Polly Rosenwaike’s stories have appeared in the Pen/O. Henry Prize Stories 2013, Indiana Review, Beloit Fiction Journal, River Styx, ZYZZYVA, Prairie Schooner, and elsewhere. She has published book reviews and essays in The San Francisco Chronicle, The New York Times Book Review, The Millions, and The Brooklyn Rail. She served as the 2013 Summer Prose Resident at the University of Arizona Poetry Center and currently teaches creative writing at Eastern Michigan University.

Jason Stocks is a writer born in Arkansas and raised in Mississippi. He studied creative writing at several institutions but credits life experiences for informing his work. His poems have appeared in Calliope, Deep South Magazine, BlazeVOX, Black Heart Magazine and others. For now he lives in south Florida and is exploring the Golden Circle in Iceland.

Sarah Pemberton Strong is the author of the poetry collection Tour of the Breath Gallery (Texas Tech University Press), winner of the Walt McDonald First-Book Prize. Her poems have appeared in Mississippi Review, Poetry Daily, Rattle, River Styx, The Southern Review, Southwest Review, The Sun, and elsewhere. She is also the author of two novels. She lives in Hamden, Connecticut, where she works as a plumber. Sarah’s website can be found here.

Hanna Tawater is an MFA candidate at UC San Diego, where she is developing a creative thesis on multimodal poetics.
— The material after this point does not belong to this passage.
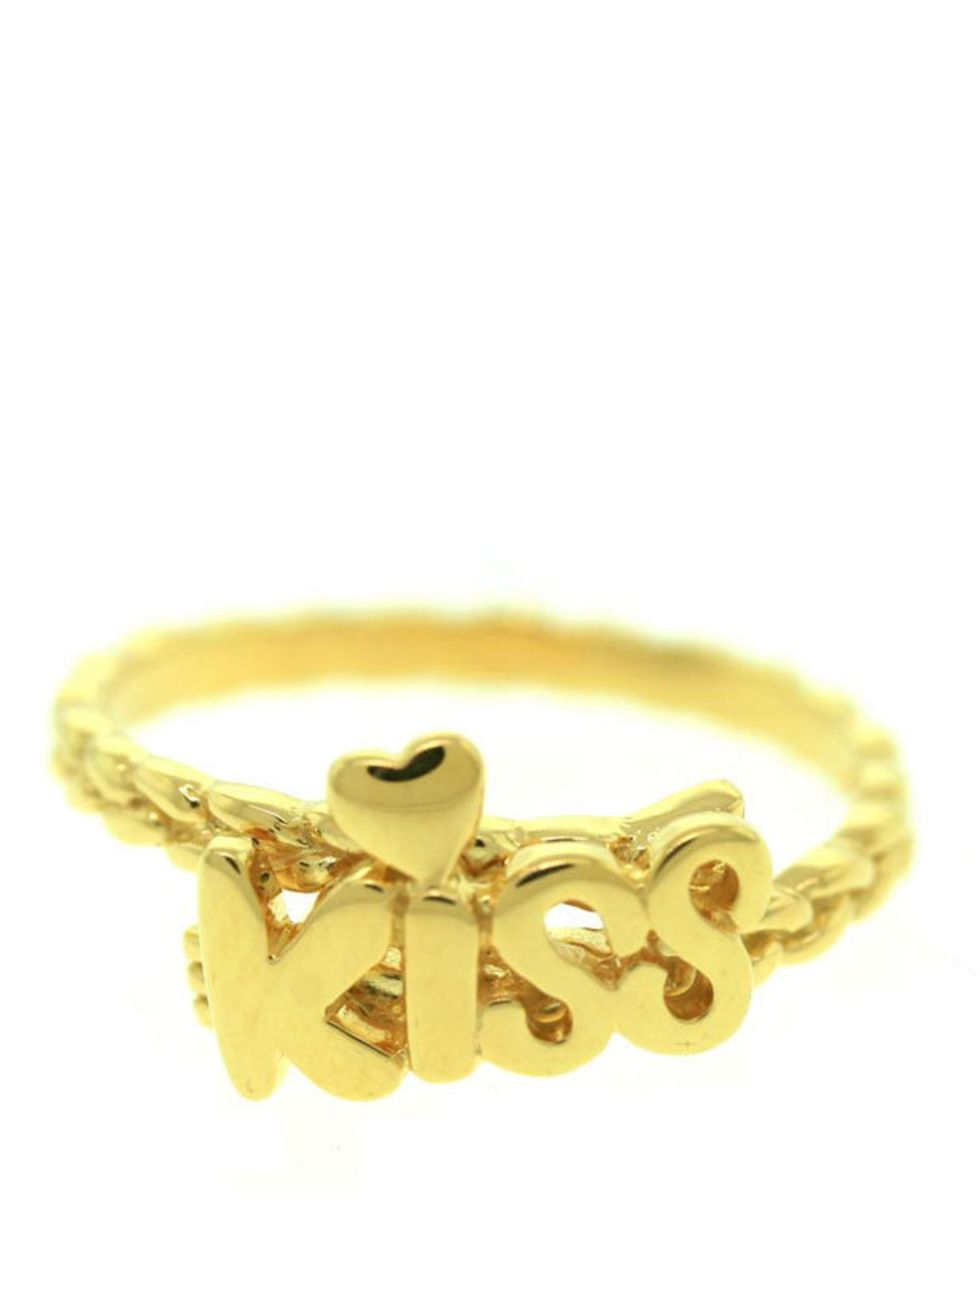 <p>Matina Amanita 'Kiss' ring, £74, at <a href="http://www.kabiri.co.uk/designers/matina-amanita/kiss-ring.html">Kabiri</a></p>

She performs and works with other writers as a part of So Say We All, a literary nonprofit. She currently has work forthcoming from The Radvocate and White Stag.

Universalscene is a collaboration among Tim Nolan, Jen Lu and Lasse Korsgaard. See their bios here.

Bryan VanDyke’s work has appeared recently in The Millions and The Rumpus. He is a graduate of Columbia’s M.F.A. program in fiction. In 2013, he was an artist-in-residence at Catwalk Art Residency in Catskill, NY. He is also the curator for a reading series that features emerging writers at the renowned KGB Bar in New York City. You can follow him on Twitter at @Literotaur.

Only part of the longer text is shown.